Белов выговорился и теперь сидел с блуждающими глазами на побагровевшем лице. Во всем его облике чувствовалась какая-то хроническая усталость, какую нельзя снять ни крепкой выпивкой, ни доброй охотой на матерого зверя, ни отдыхом где-нибудь на Канарах. Такая наваливается на человека, когда как бы усыхает душа его. Усыхает от многих страданий, от многих потерь, от невозможности вернуться к изначальному — начать то есть жизнь с чистого листа — так, во всяком случае, показалось Курицину. Потому он еще внимательнее стал вслушиваться в слова, всматриваться в глаза собеседника.
«Что-то здесь не то и не так, — думалось между тем. — Или тебе действительно хвост прищемили, или уж что-то иное, недаром две недели болтался в Иркутске… И чего это надо было столько времени болтаться?..» — изводился в догадках.
* * *
Белов не собирался столько времени пробыть в областном центре — три-четыре дня и не более того. Даже в связи с приездом дочери Леокадии Петровны — Людмилы.
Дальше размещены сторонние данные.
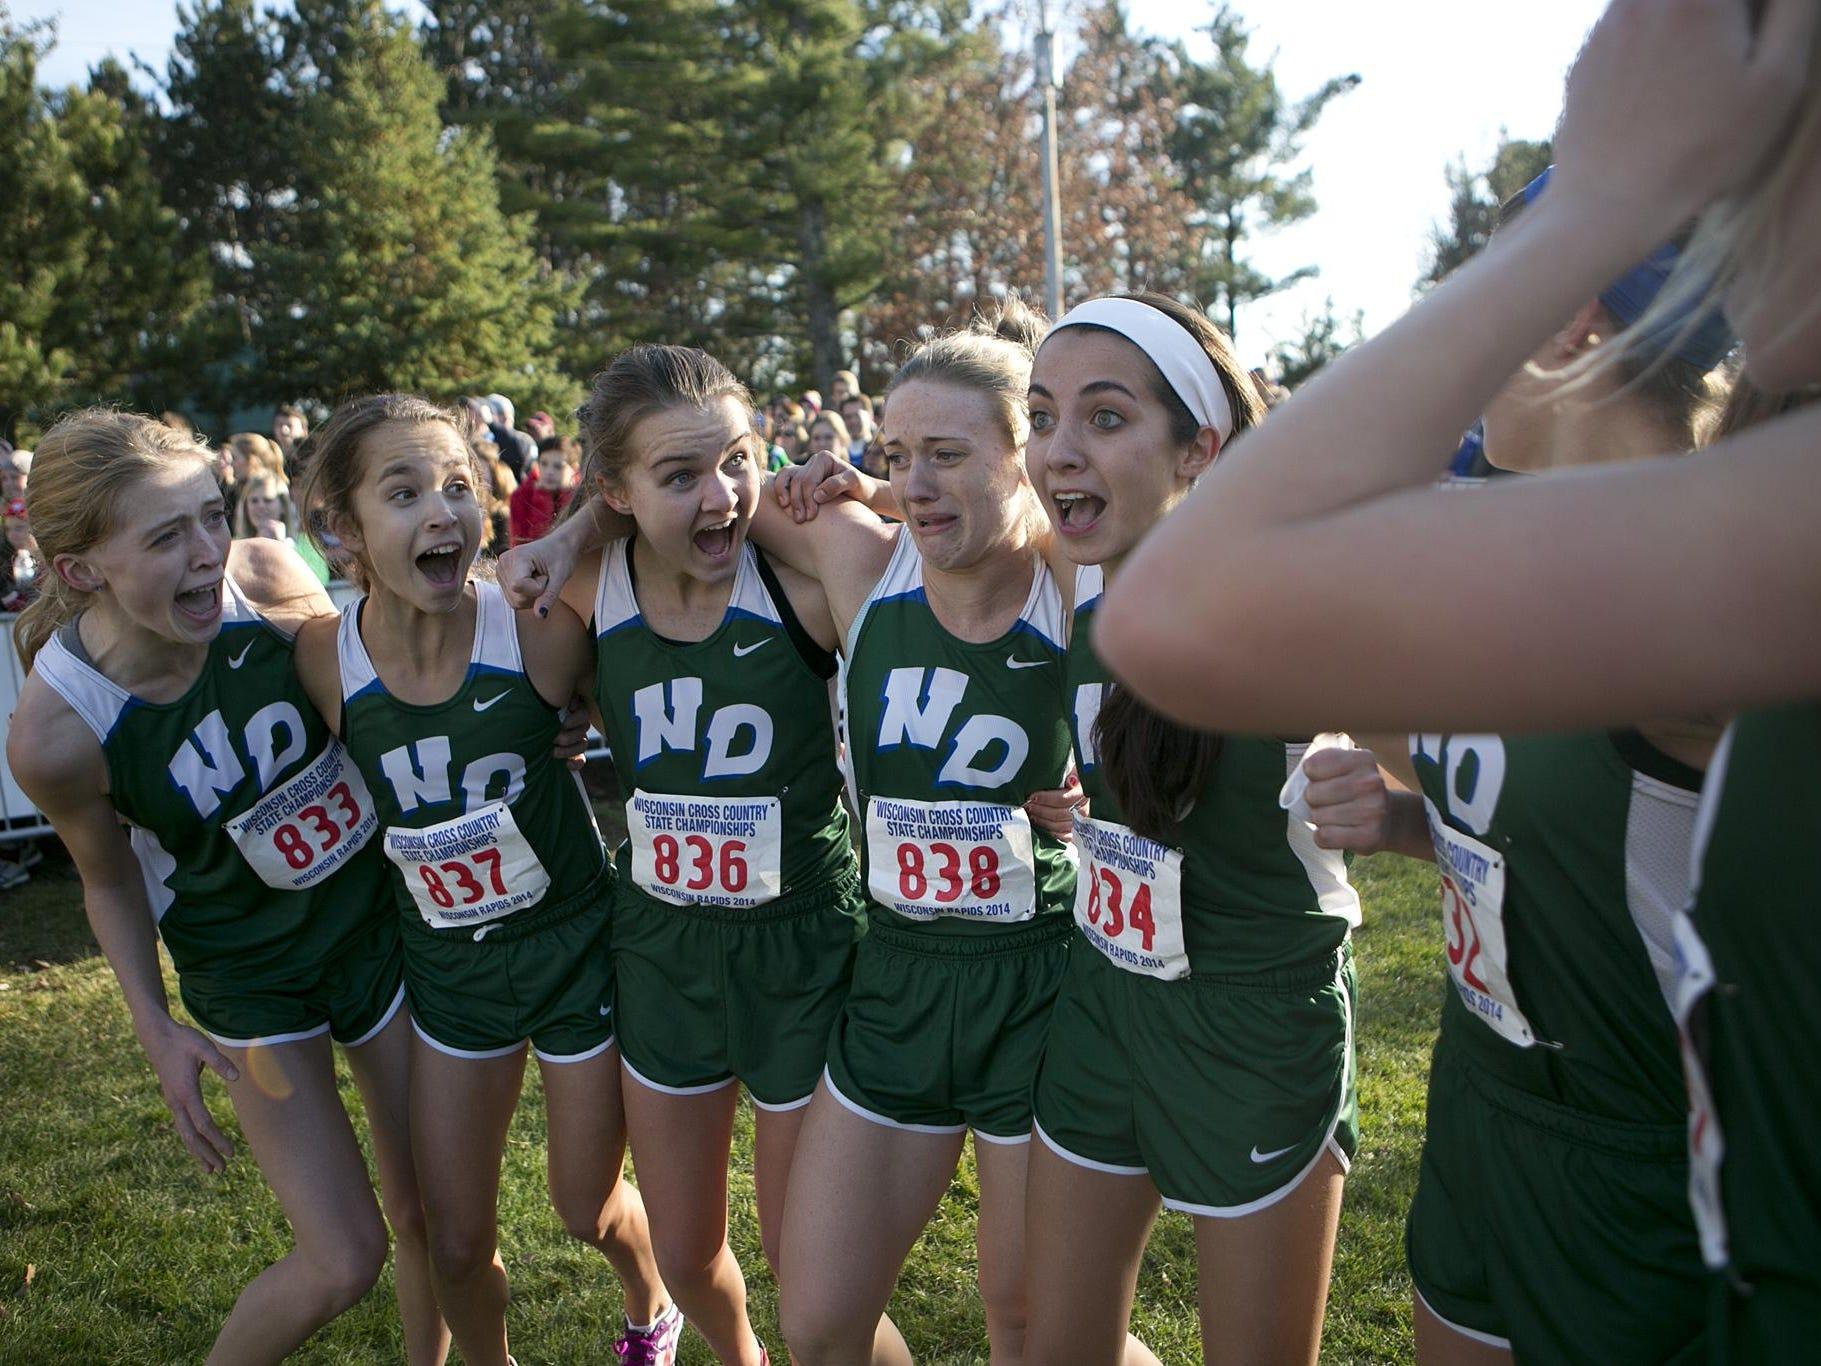 From left, Notre Dame's Kelley Gardipee, Ashley Laskowski, Anna Patterson, Kristen Burkel, Jessica Reigh, Maria Ehlinger and Veronica Letter celebrate the Tritons' championship.

Ну, встретил, ну, отдал дань приличия, сводил куда в ресторан женщин и — отвалил в свои присаянские пенаты. Однако он превысил все нормы, какие отпускал себе на подобные поездки.
Белов в первый же вечер пригласил женщин в лучший ресторан Иркутска отужинать, мотивируя свое приглашение тем, что такую встречу надо бы отметить шампанским, тем более что сам выход на люди не представлял для женщин особых хлопот, ведь они и без того собирались принарядиться для домашнего застолья. Имел он при этом и свое соображение, которое состояло в том, что в ресторанном чаду, толкотне, шарканье официантов и разговорах за ближними столами он останется самим собой и внутренняя его скованность мало-помалу сгладится, останется незамеченной и он как бы сохранит собственное мужское достоинство человека самодостаточного и независимого ни от каких чувств.
Все вышло в лучшем виде: в ресторане он шутил, что-то рассказывал о своих таежных походах, приглашал танцевать то Леокадию Петровну, то Людмилу и видел — это женщинам нравилось. Видел он и то, как петербургская гостья нет-нет да взглядывала в его сторону с интересом, а слушая, то и дело наклоняла голову, давая понять, что рассказы Белова ее занимают и она с охотой готова слушать дальше.
Как всегда, Владимир чуть пригубил шампанского, женщины же, наоборот, к своим фужерам прикладывались часто, и к концу вечера бутылка оказалась пустой.
На Людмиле было длинное черное вечернее платье, под которым обозначились все округлости и выпуклости молодого тела. Кожа лица, шеи, грудь отливали матовой чистотой, по плечам небрежно рассыпались длинные, слегка волнистые каштановые волосы. Замшевые короткие сапоги, в каких она приехала, заменили черные изящные туфельки.
Привлекла его внимание и брошь на левой стороне груди — небольшая, с красноватого оттенка камнями и, видно, — дорогая, что он также про себя отметил, решив при удобном случае спросить об этой изящной вещи: Белову почему-то подумалось, что она непременно фамильная.
Обе женщины вели себя естественно, будто выход в ресторан для них дело обычное и ничем особым не примечательное, и в том проглядывалась порода.
Они и в самом деле выгодно отличались от собравшихся здесь женщин — строгостью одежды, сдержанностью манер, говорили негромко, но каждое слово проговаривалось так, что никакая музыка, никакие иные звуки не заглушали чистоту их спокойных речей.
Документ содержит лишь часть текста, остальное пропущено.